Švejk remained alone sitting at the table, and while he was quietly drinking up the fiver from the high-minded benefactor, the people at the platform who weren’t present during Švejk’s conversation with the station master and only saw a crowd of people from a distance were passing along to one another that they caught some spy who was taking pictures of the railway station, which claim was being controverted by one lady insisting that he was no spy, but that she’d heard that one dragoon cut up an officer with a saber by the ladies’ bathroom because the officer was creeping in there after his girl-friend who was seeing off the dragoon.

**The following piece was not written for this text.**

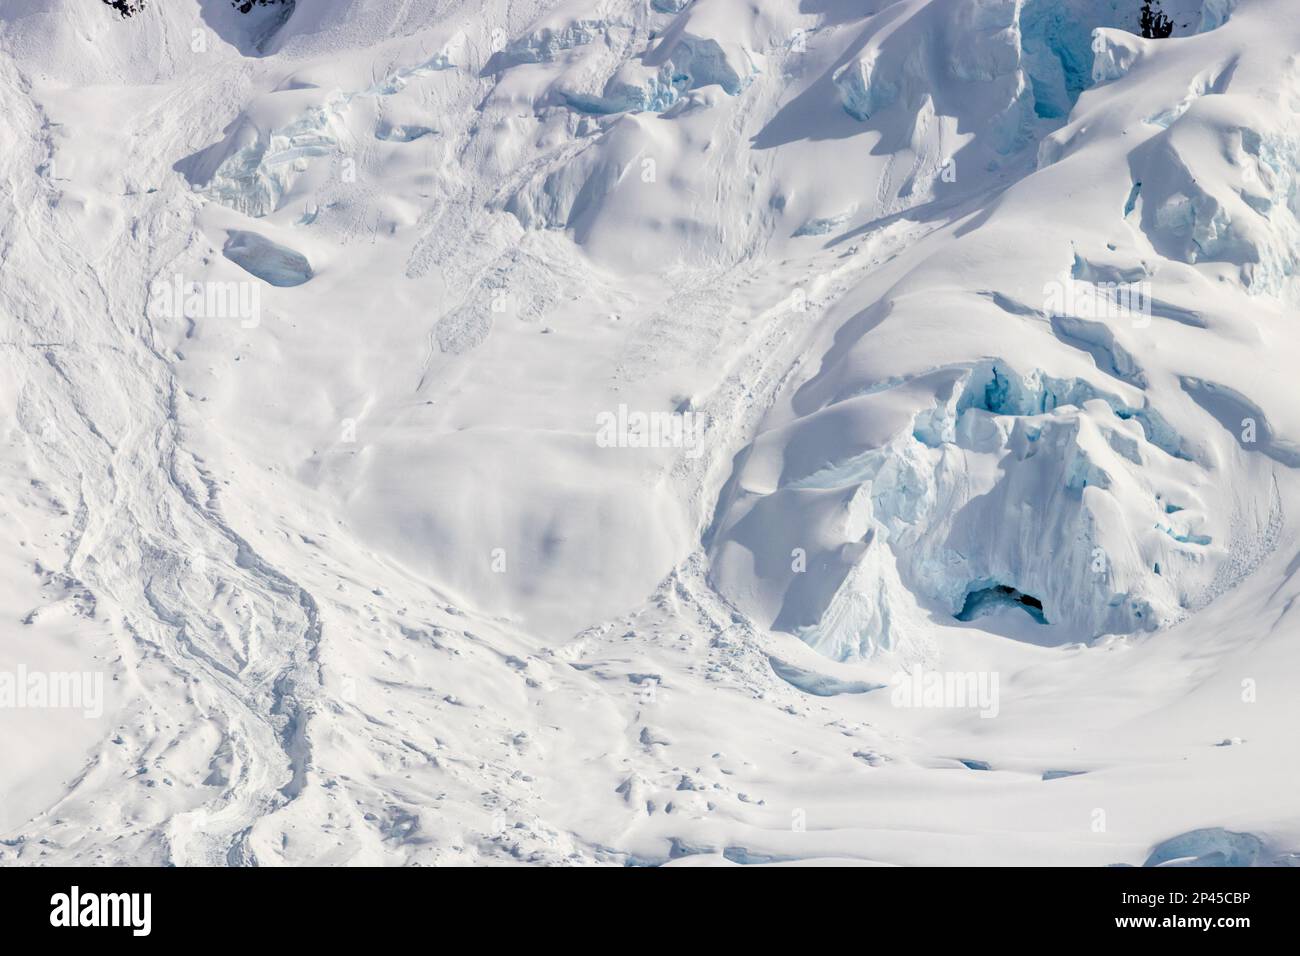 Pente de montagne enneigée, péninsule antarctique. Roches exposées sur une pente enneigée. Glace bleue visible ; ouverture à la grotte de glace. Banque D'Images

     These adventurous flights of speculative imagination, which were characteristic of the wartime raw nerves, were brought to an abrupt end by the policemen who were sweeping the platform clear. And Švejk kept on drinking quietly, remembering and thinking tenderly of his Senior Lieutenant. What is it, one wonders, that he is going to do when he arrives at Ceské Budejovice and going through the whole train finds his servant nowhere?
     Before the arrival of the regularly-scheduled train the third-class restaurant filled with both soldiers and civilians. Mostly there were soldiers from various regiments, formations, and of the most varied nationalities whom the windstorm of the war had blown into the field hospitals, and who were now departing again into the field for new injuries, maiming, pain, and who were taking off to earn a simple wooden cross for above their graves on which there would still years later in the sad plains of eastern Galicia in the wind and the rain flail a sun-bleached Austrian military cap with a rusted “Frankie” pin on it, upon which from time to time would perch a sad raven, grown old and tired, remembering the fat-filled feast of years ago when there used to be set for him an endless table of tasty human corpses and horse carcasses, when just under such a cap that he’s sitting on, there would be a bite of the most tasty morsel — human eyes.
     One of those candidates for suffering, who was released from the military hospital after surgery and was dressed in a messy uniform with traces of blood and mud, took a seat next to Švejk. He was sort of stunted, emaciated, sad. He laid a small package on the table, pulled out a broken coin-purse and was recounting his money.
     Then he looked at Švejk and asked: “Magyarul?”
     “Me, pal, I’m a Czech,” answered Švejk, “wanna have a drink?”
     “Nem tudom, barátom.”
     “That doesn’t matter, buddy,” Švejk goaded him putting his full stein in front of the sad soldier, “just take a proper draft.”
     He got the message, had a drink, thanked: “Köszönöm szivesen,” and kept on examining the contents of his coin-purse, and in the end he gave a sigh.
     Švejk realized that the Hungarian would like to have a beer and that he didn’t have enough money, therefore he ordered one beer to be brought for him, after which the Hungarian thanked him again and started telling Švejk something with the help of gestures, showing him his arm with a hole shot through it while he spoke up in the international language: “Pif, paf, poots, bing, bang, boom.”
     Švejk was nodding in sympathy and the stunted convalescent passed additional information onto Švejk by lowering his left arm with the hand a foot or two above the floor and then raising three fingers, signifying that he had three small children.
     “Nincs ham, nincs ham,” he continued, wanting to say that they had nothing to eat at home, and with the dirty sleeve of his military overcoat, in which could be seen the hole made by a bullet that flew into his body for the Hungarian king, he dried his eyes from which had sprung up tears.
     Given such entertainment it was nothing queer then that Švejk had almost nothing left of that fiver and slowly, but surely was cutting himself off from Ceské Budejovice, and with each stein, to which he was treating himself and the Hungarian convalescent, he was losing the ability to purchase a military fare-card.